Dense Discovery's RSS feed does not include the publication date (pubDate) and nor the issue's content.

I don't mind that they don't include the content. If they want me to visit their page, I can do that. However, my RSS reader sometimes lists the issues in almost random-looking order because of the missing publication date. Or at least, that's what I think is going on.

This annoyance seemed the perfect opportunity to create a custom bridge for RSS Bridge. So I did.


Getting the list of issues and grabbing their content was close to being fun.

On the archive page, all issues are listed in a select tag.

<select id="dynamic_select">
    <option value="">Browse Archive</option>
    <option value="https://www.densediscovery.com/archive/188/">Issue #188</option>
    <option value="https://www.densediscovery.com/archive/187/">Issue #187</option>
    <!-- ... -->
</select>

With the getSimpleHTMLDOMCached helper function requesting the page and extracting the data was straightforward.
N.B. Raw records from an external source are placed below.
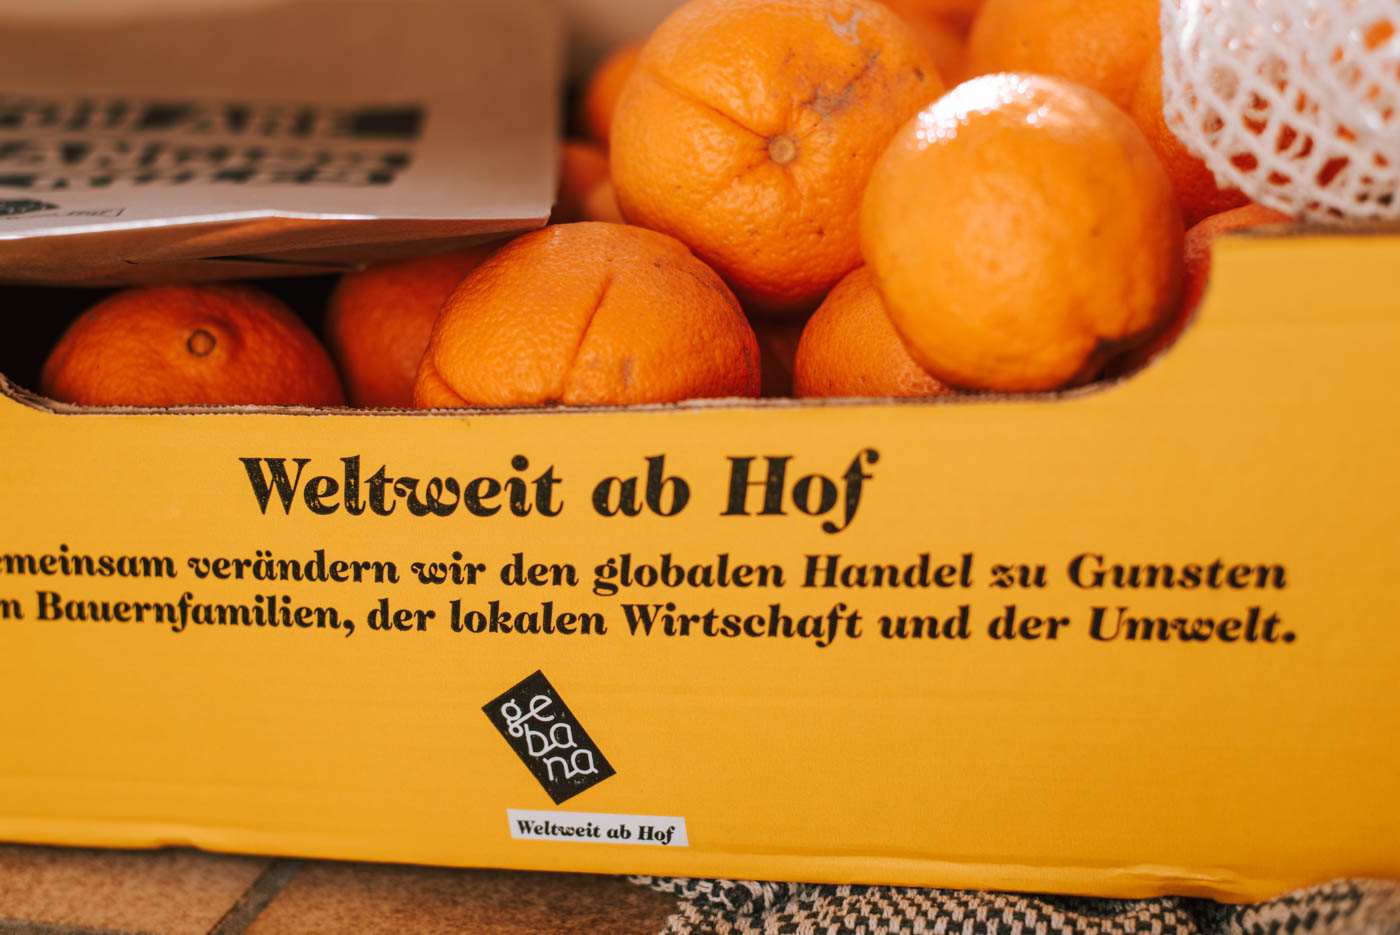 Faire Bio-Orangen: Groß, klein vernarbt, grün ... das sind echte Orangen. Saftig, lecker und direkt vom Bauern zu uns Verbrauchern! So gelingt fairer Handel.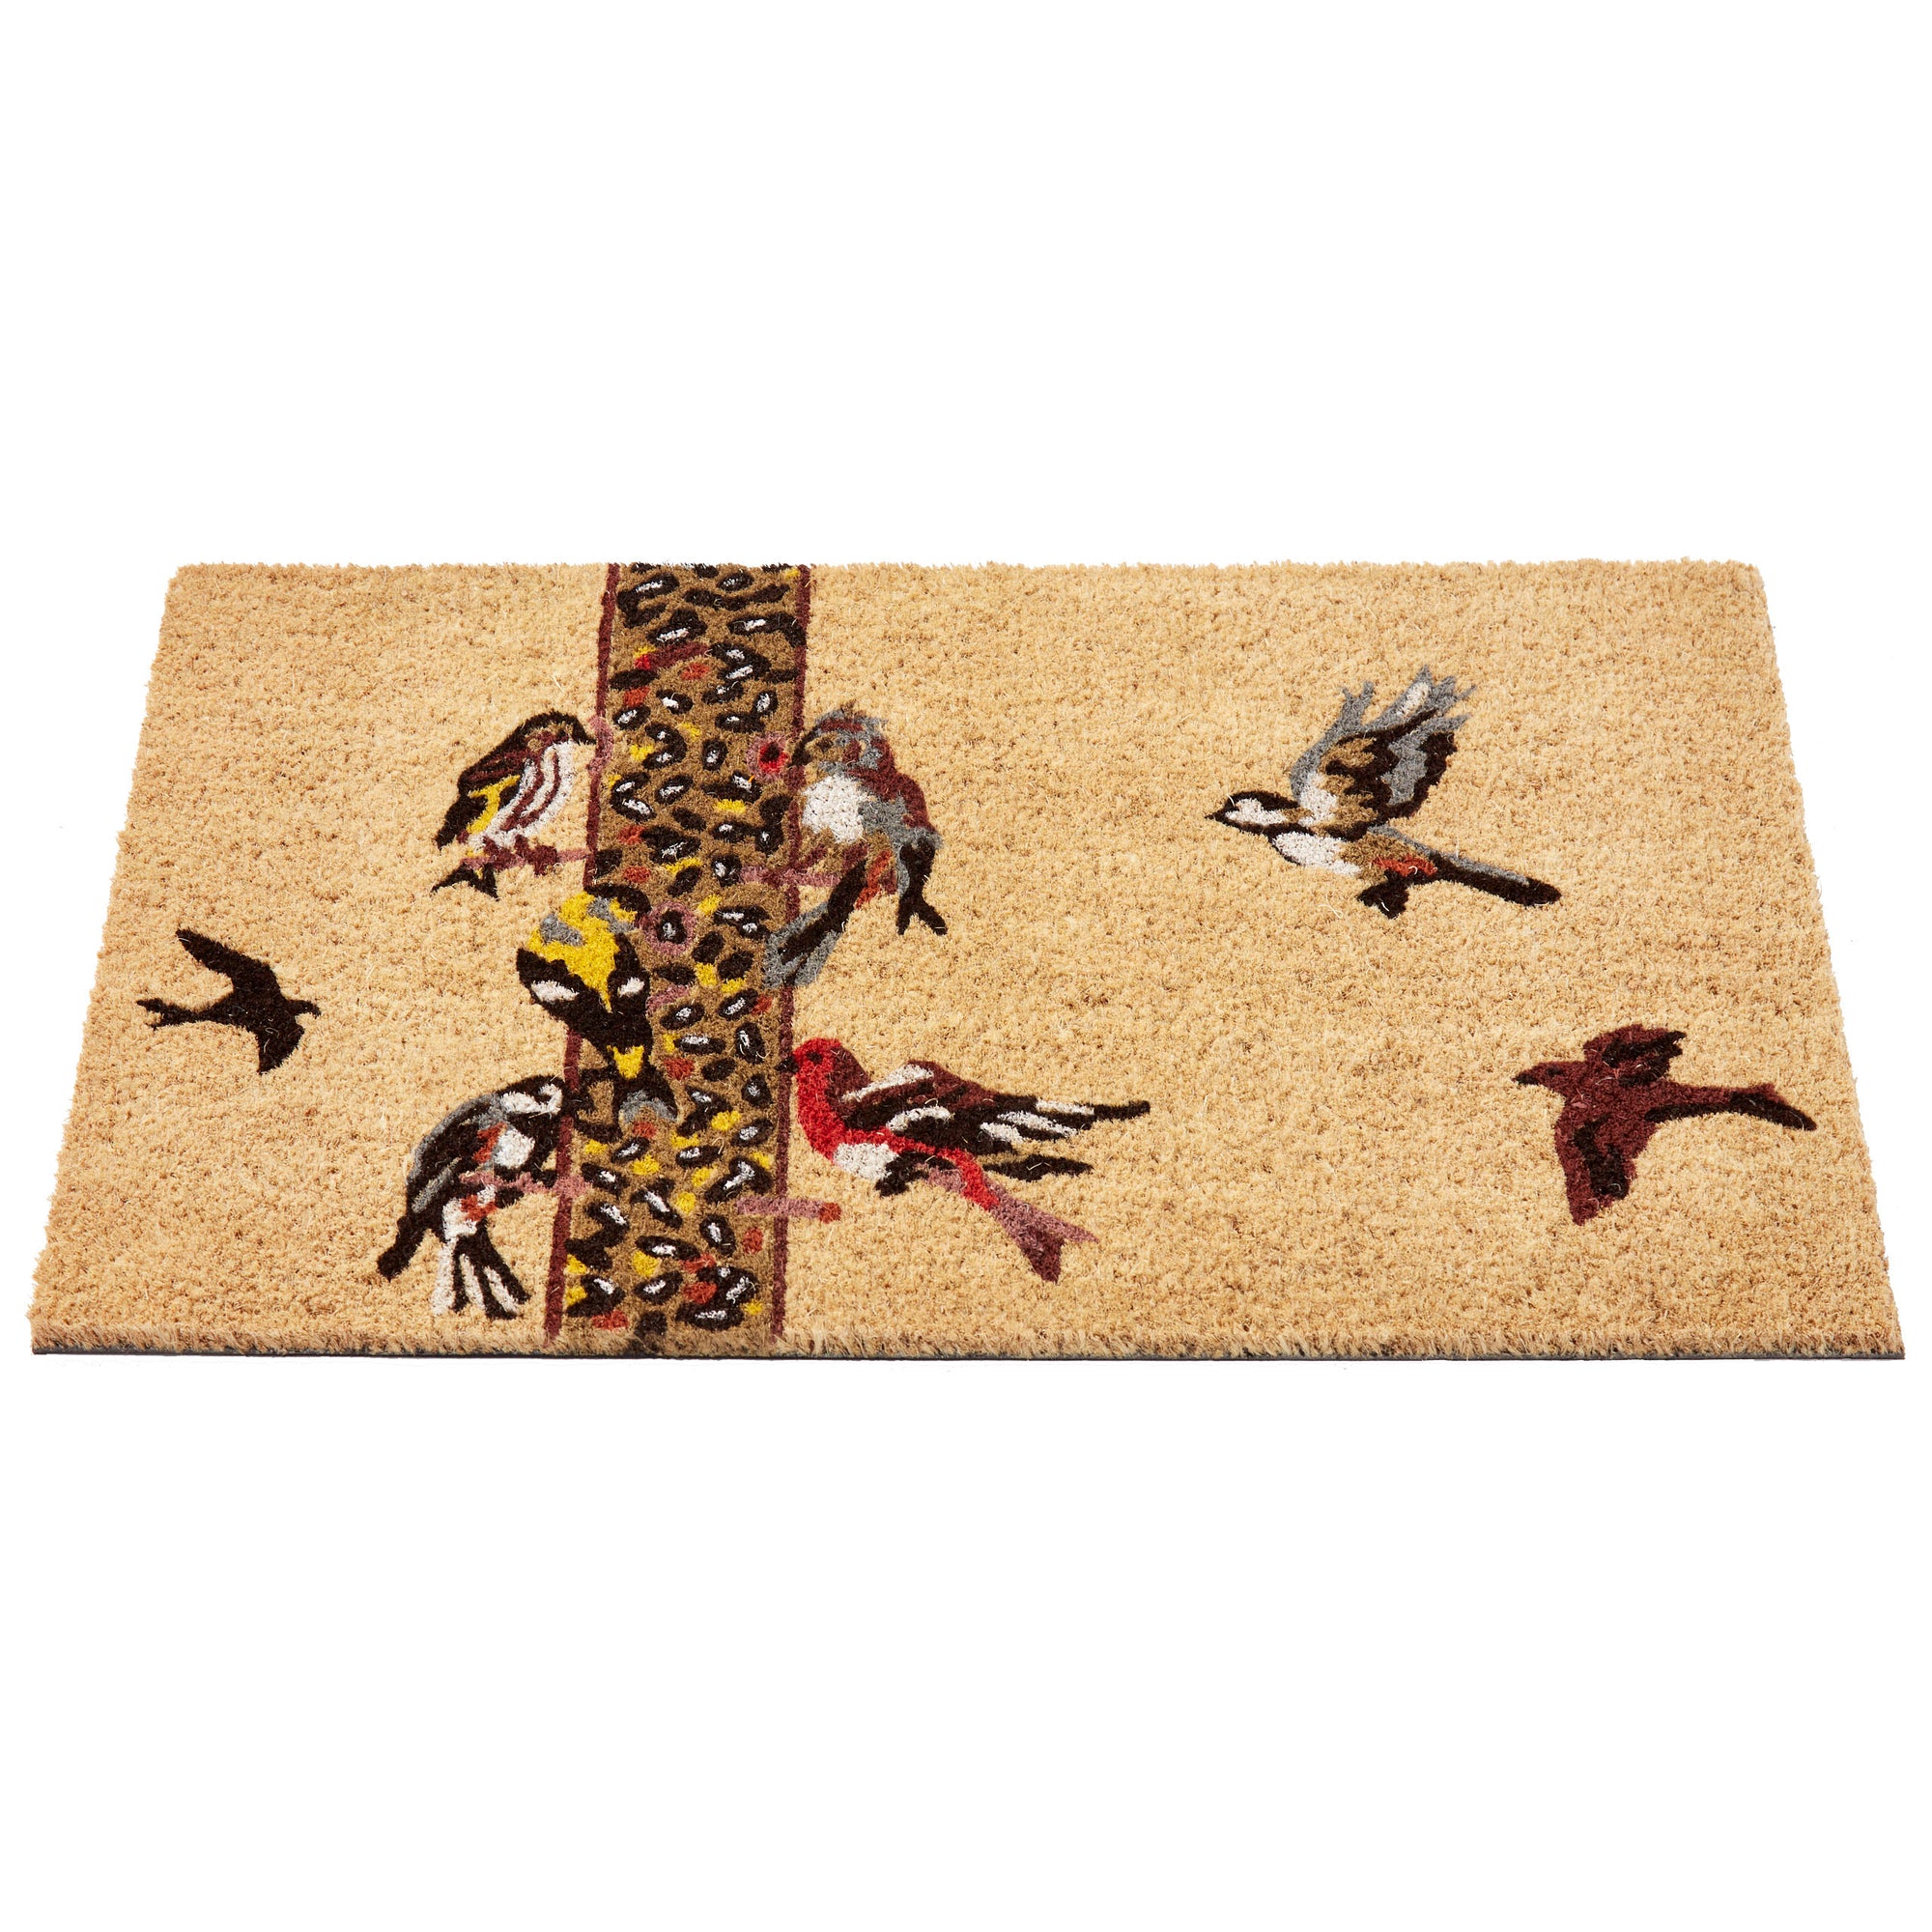 Backyard Birds Doormat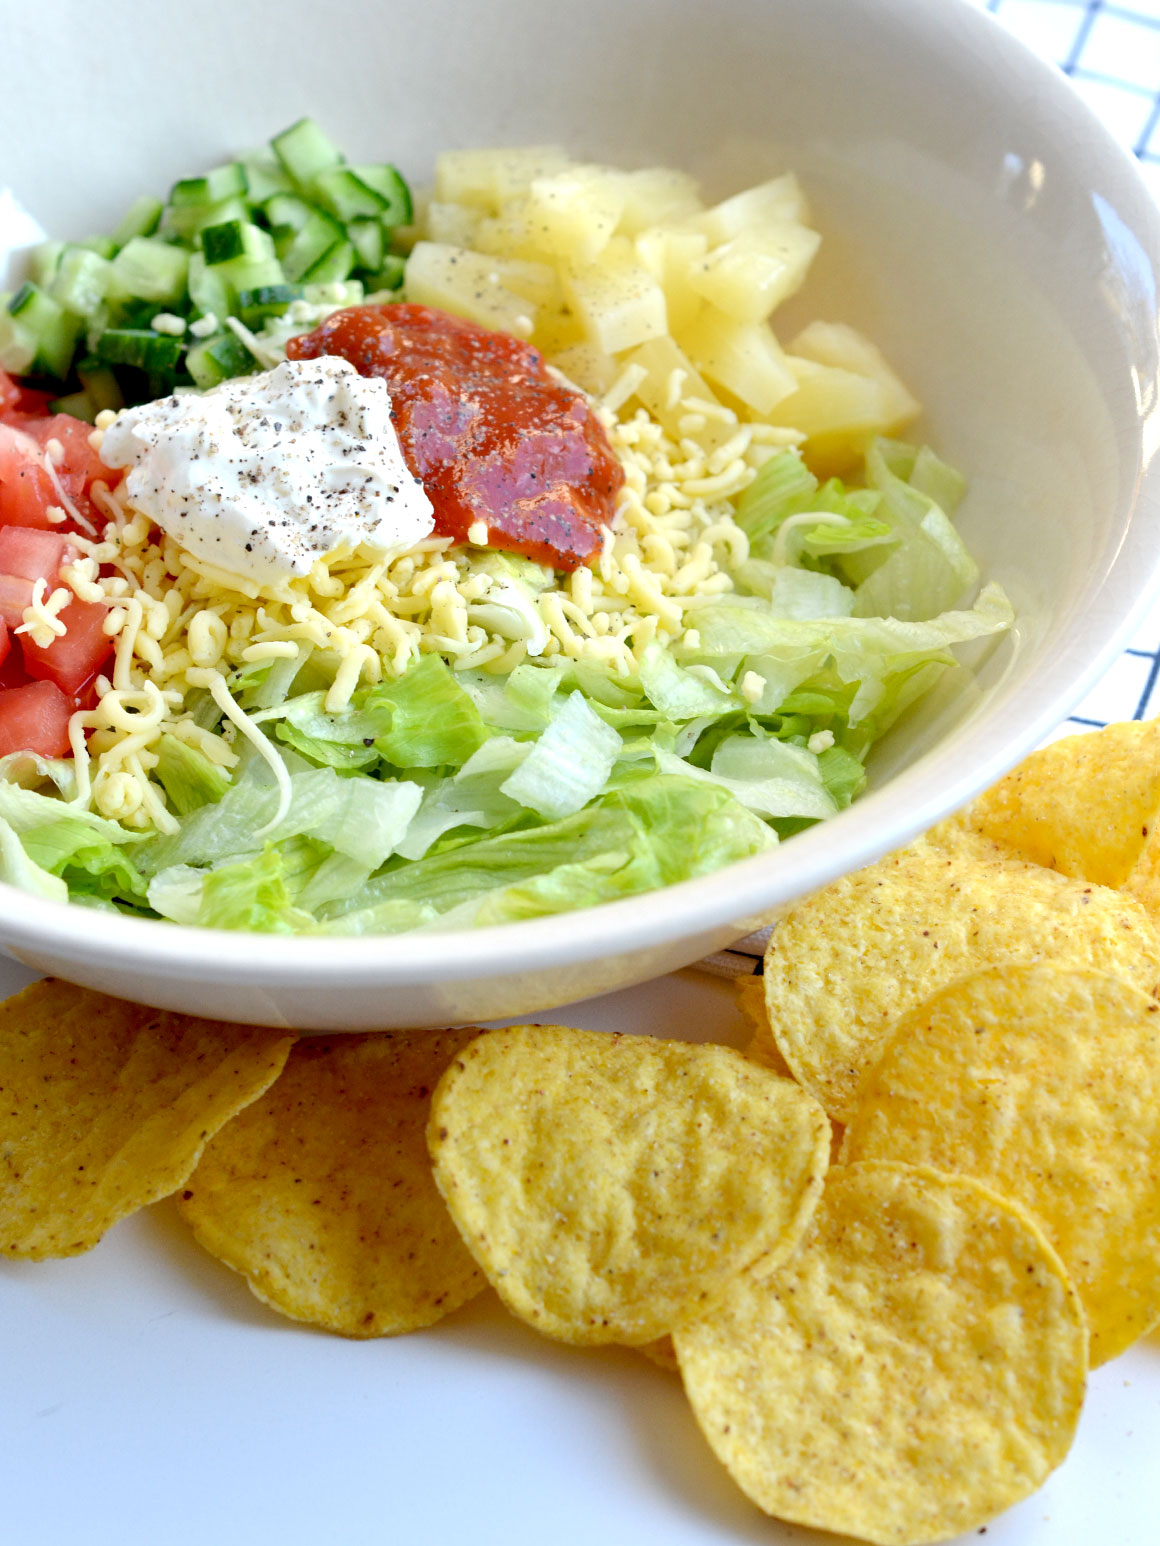 Makkelijke nacho salade

Under the hood, it uses a pretty old-school library called simple_html_dom that makes the DOM selection and manipulation easy.

private function issuesInfo(): array
{
    $html = getSimpleHTMLDOMCached(self::ARCHIVE_URL);
    $optionHtmlElements = array_slice($$html->find('#dynamic_select option'), 1);

    $issuesInfo = [];

    foreach ($optionHtmlElements as $htmlElement) {
        $issuesInfo[] = [
            'title' => $htmlElement->innertext,
            'url' => $htmlElement->getAttribute('value'),
        ];
    }

    return $issuesInfo;
}

I mostly left untouched the content of the issues; I just removed the comments section and fixed the paths of the images. For the path fixing, I used the defaultLinkTo helper function.

private function issueHtmlContent(string $url): string
{
    $html = getSimpleHTMLDOMCached($url);

    $comments = $html->find('#comments', 0);
    $comments->remove();

    return (string)defaultLinkTo($html, $url);
}

Publication dates gave me a bit of a headache. The dates are nowhere mentioned, not even in a meta tag in the source code.

Since I can't extract the dates, and because this is a weekly newsletter and I know the date of the last (188) issue, I'm assigning them myself.

I'm setting the date of issue 187 one week earlier than the 188; for the issue 189, one week after 188, etc. It's probably not accurate, but it should be close, and it solves the ordering problem I had.

private function issueTimestamp(int $issueNr): int
{
    $issueNrRelativeToBaseIssue = abs(self::ISSUE_NR_188 - $issueNr);
    $dateRelativeToBaseIssueDate = new DateInterval("P{$issueNrRelativeToBaseIssue}W");

    $baseIssueDate = new DateTimeImmutable(self::ISSUE_NR_188_DATE);

    if (self::ISSUE_NR_188 < $issueNr) {
        return $baseIssueDate->add($dateRelativeToBaseIssueDate)->getTimestamp();
    }

    return $baseIssueDate->sub($dateRelativeToBaseIssueDate)->getTimestamp();
}

Overall, I liked the developer experience. The common problems have a ready-made solution, and the documentation is helpful. It's something that I'll probably use in the future too.